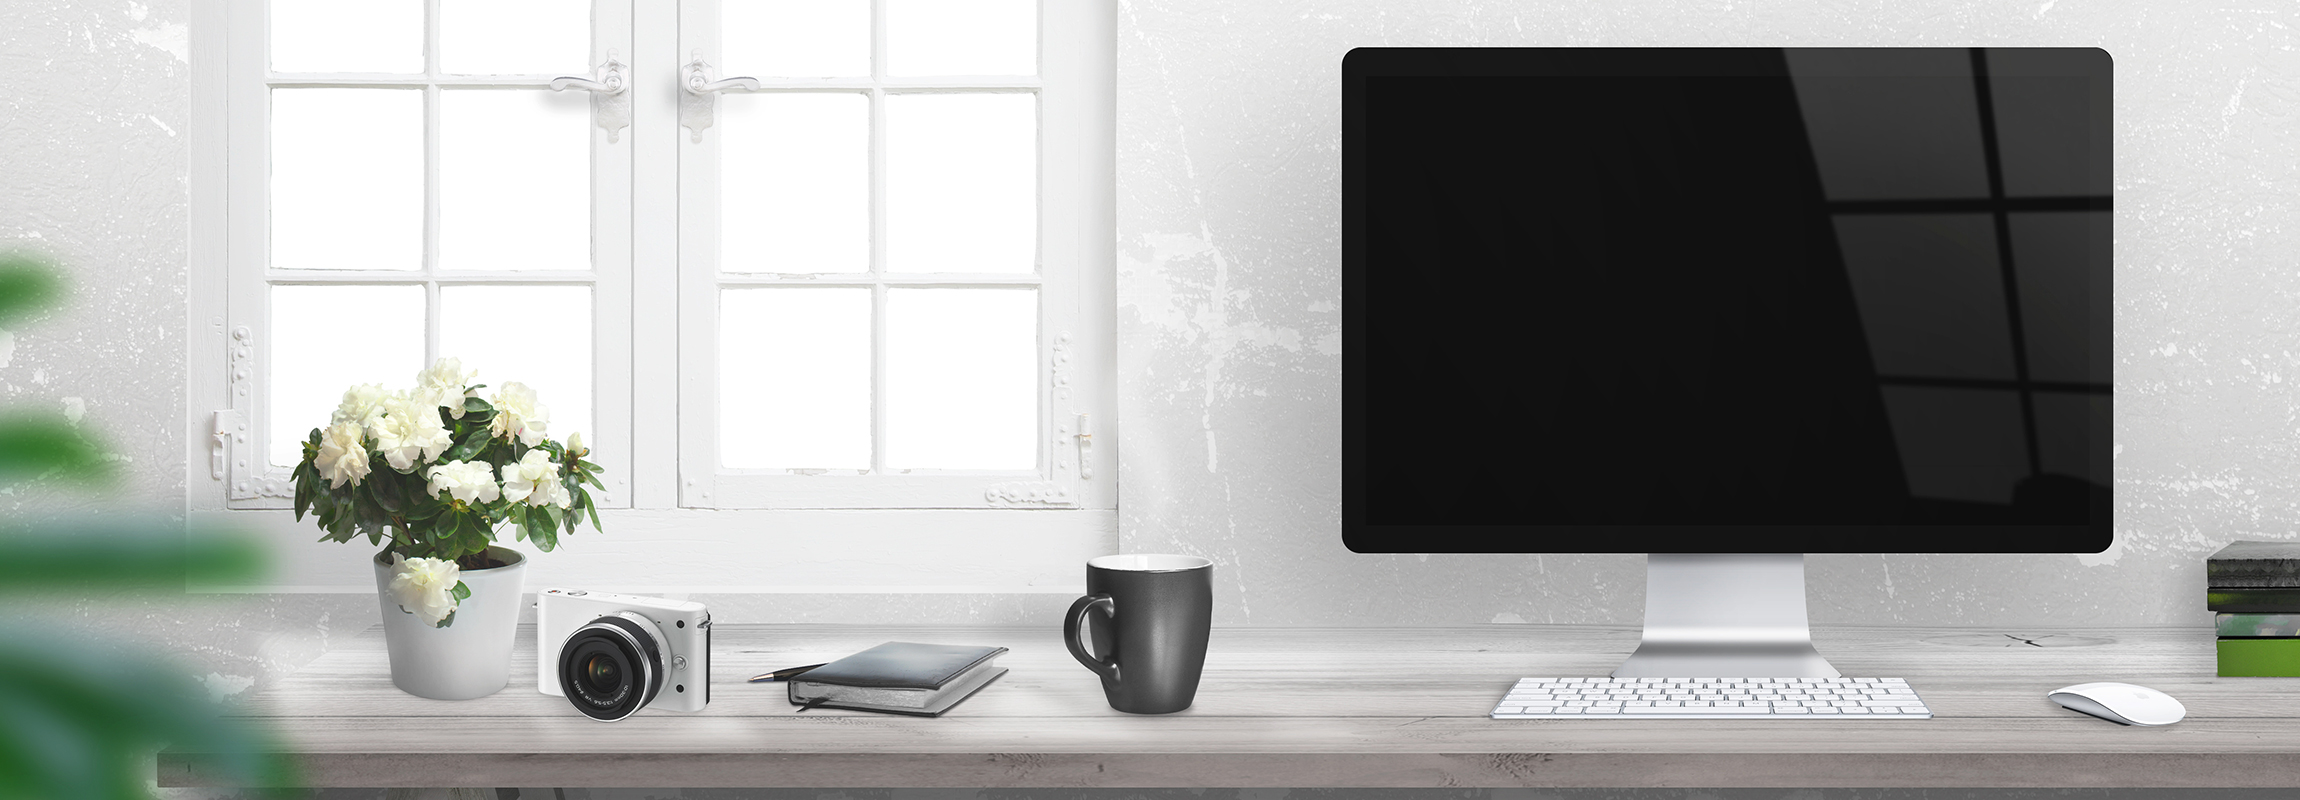 お見積もりフォーム|長野市・松本市・東京都・金沢市でホームページ制作・各種印刷物グラフィックデザイン デザイン会社&デザイン事務所アプリコットデザイン
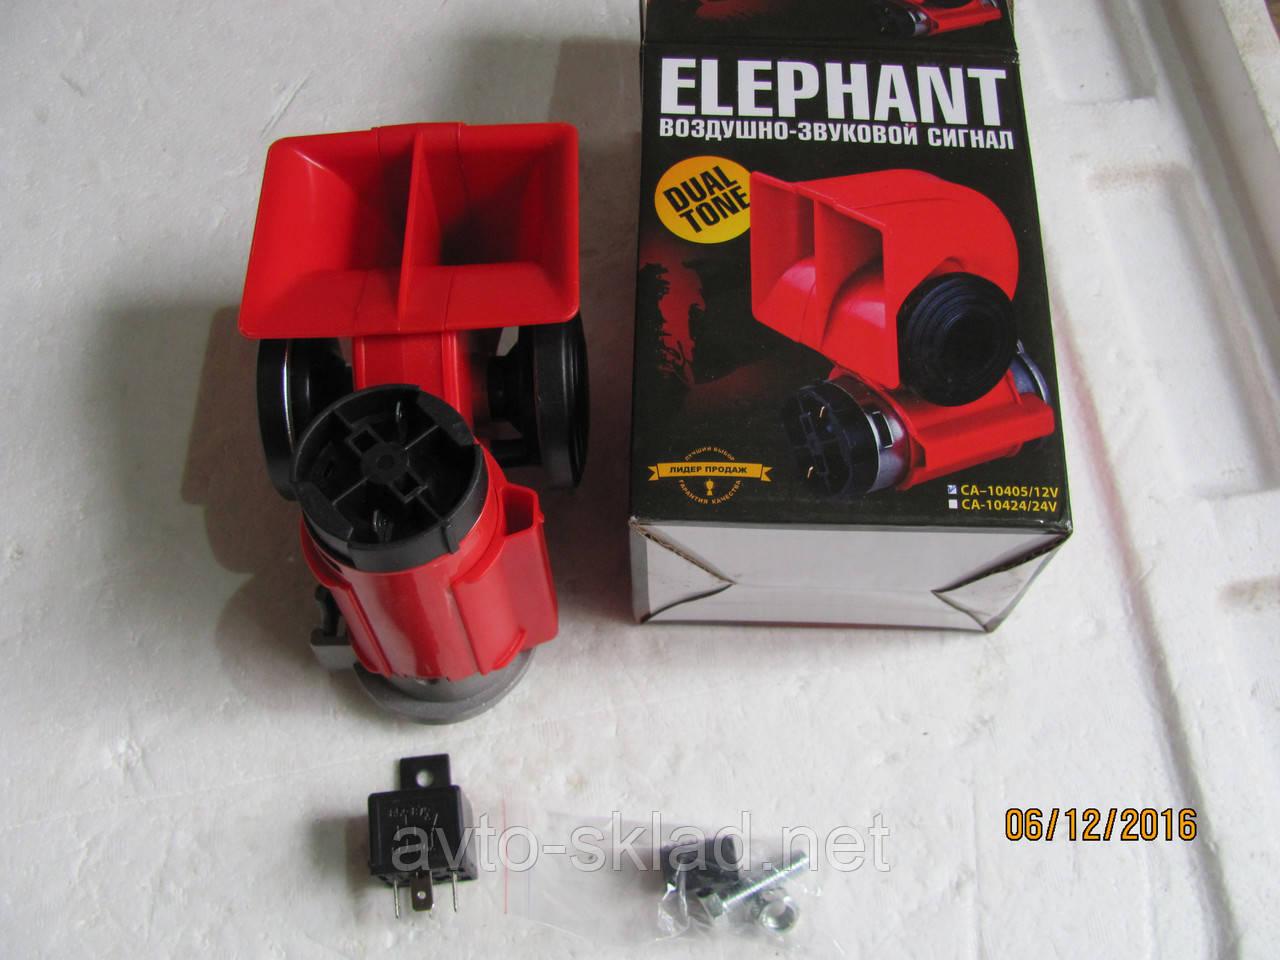 Сигнал звуковой воздушный Elephant
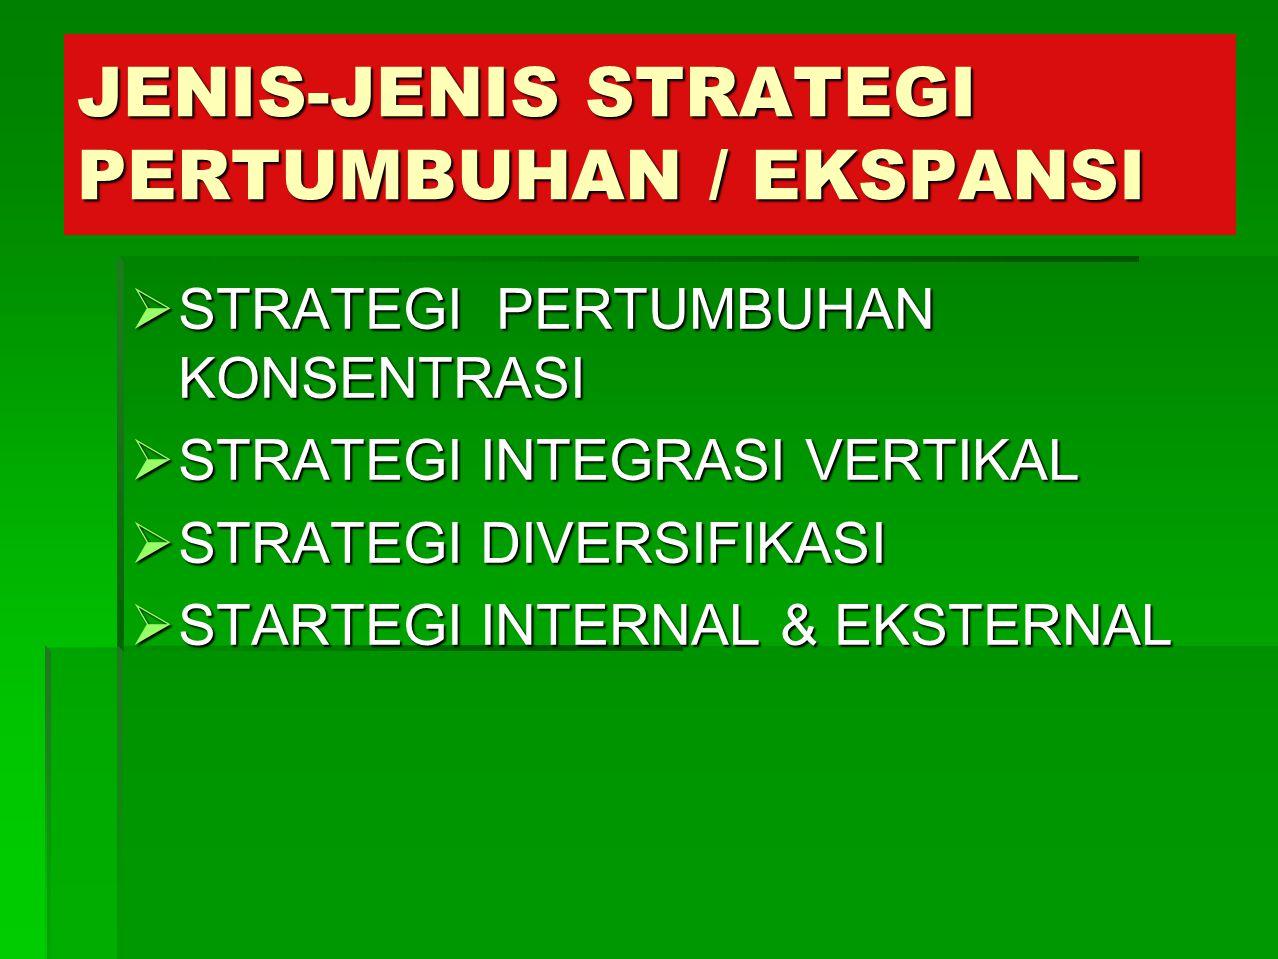 JENIS-JENIS STRATEGI PERTUMBUHAN / EKSPANSI

■ What to do
Restate all of the material above word for word. Pictures do not belong in it.

■ Solution
 お見積もりフォーム|長野市・松本市・東京都・金沢市でホームページ制作・各種印刷物グラフィックデザイン デザイン会社&デザイン事務所アプリコットデザイン
 Сигнал звуковой воздушный Elephant
 JENIS-JENIS STRATEGI PERTUMBUHAN / EKSPANSI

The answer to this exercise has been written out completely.